While most businesses rarely get rebate checks from their group health insurer, this year may be different as insurance companies are expected to pay back record excess premiums, as required by the Affordable Care Act.

The landmark insurance law requires that insurers spend at least 80% of their premium income on medical care and medications, but expected payouts in 2018 came in way below expectations. That means they have to pay out rebates for the overcharge.

Analysts expect that insurers will pay out $1.4 billion in rebates, $600 million of which would be paid to small and large group health plans, according to a report by the Kaiser Family Foundation.

The reason for the sizeable expected rebate is that insurers raised rates substantially for 2018, which was right after Congress had passed a law that eliminated the individual mandate penalty, as well as uncertainty about the law after the Trump administration introduced regulations to expand the use of short-term health plans and association plans.

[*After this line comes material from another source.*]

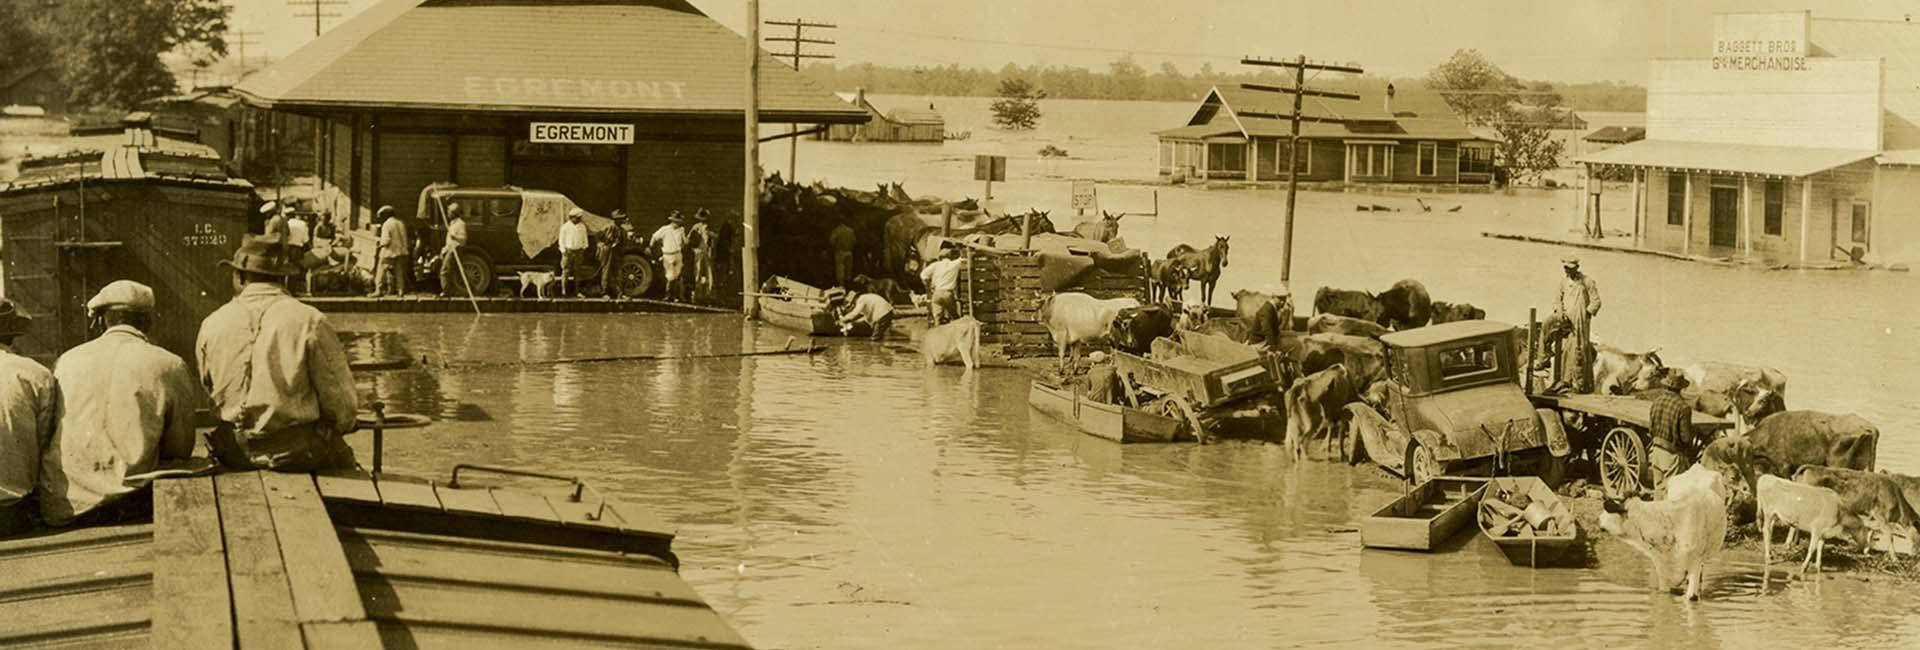 1927 Flood

As mentioned, plans must spend 80% of premiums they collect on medical claims or quality improvements if they are in the individual or small group market. The threshold is 85% in the large group market. The rest can be spent on claims administration, marketing and other overhead, as well as set aside for profit.

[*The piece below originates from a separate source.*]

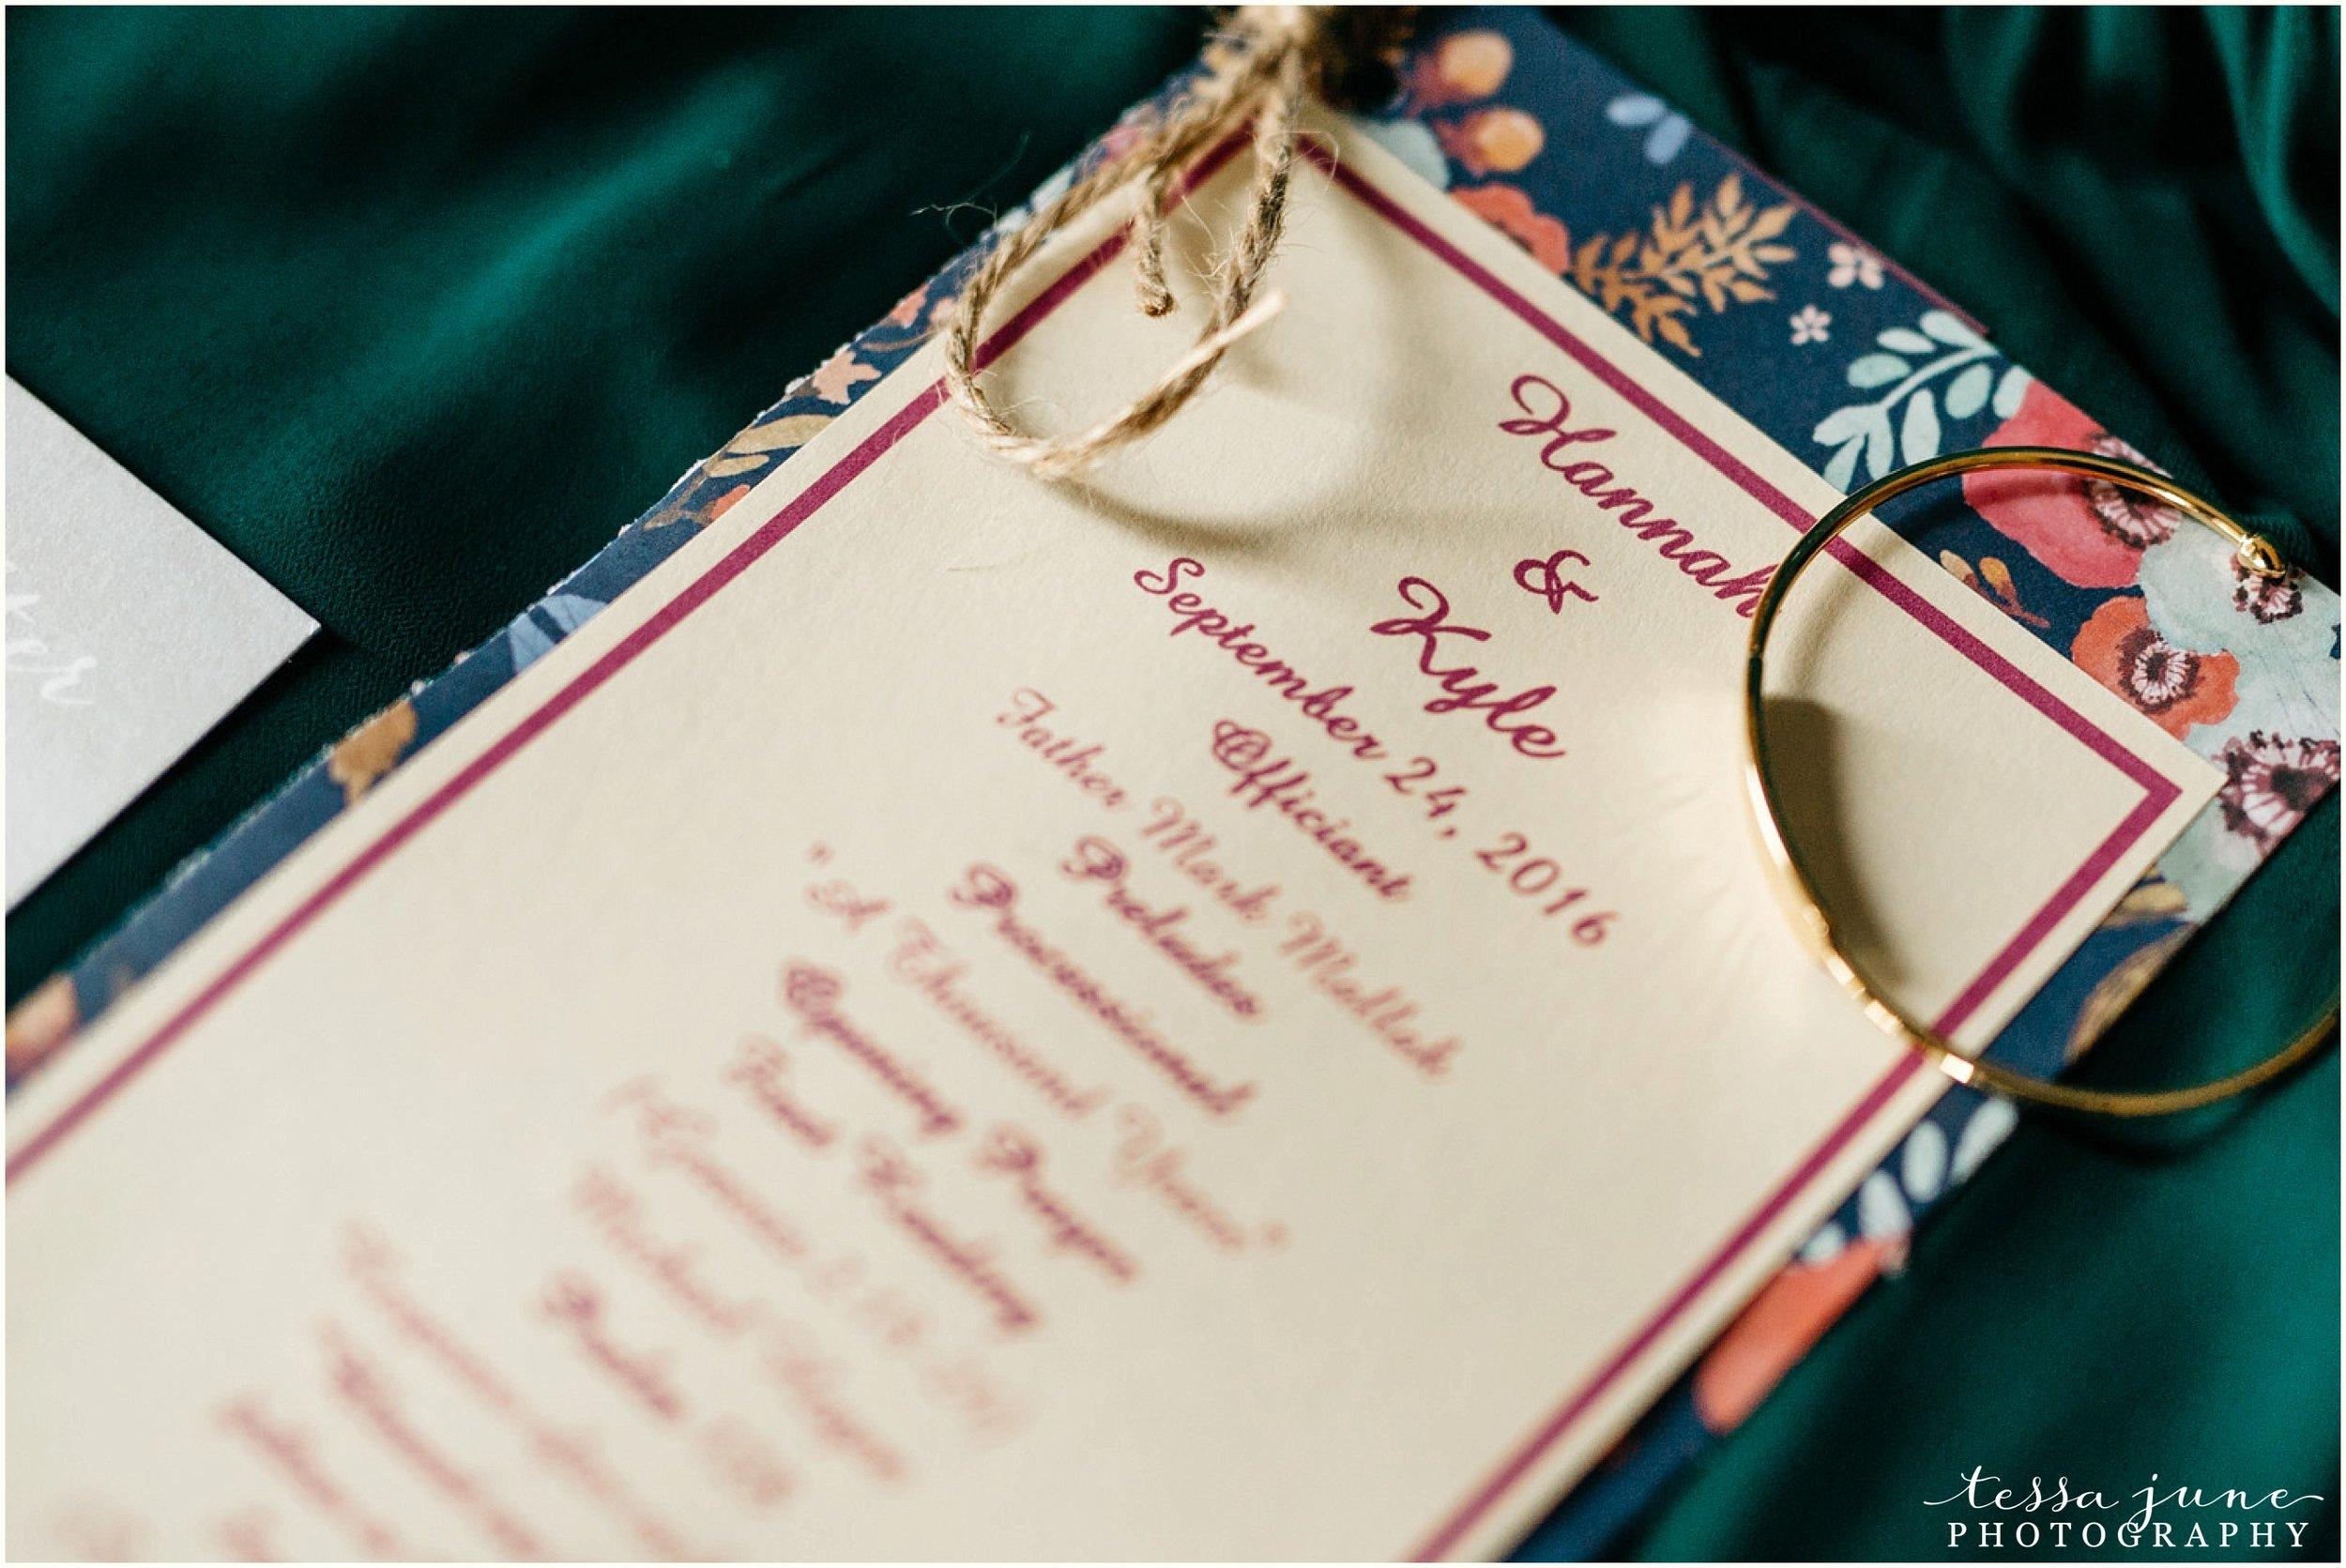 bohemian-minnesota-wedding-mismatched-bridesmaid-dresses-waterfall-st-cloud-tessa-june-photography-8.jpg

Rebates to small group plan and large group plan members have typically overshadowed rebates to those who purchase plans individually on government-run exchanges. In 2017, according to the Centers for Medicare and Medicaid Services, insurers paid out nearly $707 million in ACA rebates, as follows:

  • $132.5 million to individual market enrollees.
  • $309.4 million to small group market enrollees.
  • $264.8 million to large group market enrollees.

But this year, rebates to the individual market are expected to be $800 million, while the remaining $600 million would be paid to enrollees in group plans.

The premium increases that many insurers pushed through led to much higher rates – benchmark premiums were up 34% going into 2018 – because of market uncertainties, such as:

  • In October 2017, the Trump administration ceased payments for cost-sharing subsidies, which led some insurers to exit the market or request larger premium increases than they would have otherwise.
  • The administration reduced funding for advertising and outreach.
  • Congress repealed the individual mandate penalty, effective for 2019.
  • The administration introduced regulations extending the time people could be on short-term plans, and also introduced association health plans as an alternative for the small group market.

But the insurers’ fears didn’t materialize. Despite payments per enrollee growing 26% to $559 in 2017 on exchanges, per person claims increased only 7% to $392 year over year.

Also, the repeal of the penalties and increased premiums did not drive younger, healthier consumers out of the marketplace as had been expected.

How to disburse rebates

If you are one of the employers whose health plan gets to receive a rebate, the big question that always comes up is “how do you distribute the funds?”

ACA regulations require insurers to pay rebates directly to the group health plan policyholder, who will be responsible for ensuring that employees benefit from the rebates to the extent they contributed to the cost of coverage.  

But remember, since you as the employer also contributed to the premiums, you are entitled to your portion of the rebate. Your take should be in the same proportion as the premium you pay compared to your employees.

The way that you disburse the rebate is up to you, but whatever you do, it must be in accordance with ERISA’s general standards of fiduciary conduct.

Typically, if the rebate works out to be small for each participant, it would likely not be worth your time to cut each employee a check.

The preferred method in most cases is to provide the rebate in the form of a premium reduction or discount to all employees participating in the plan at the time the rebate is distributed.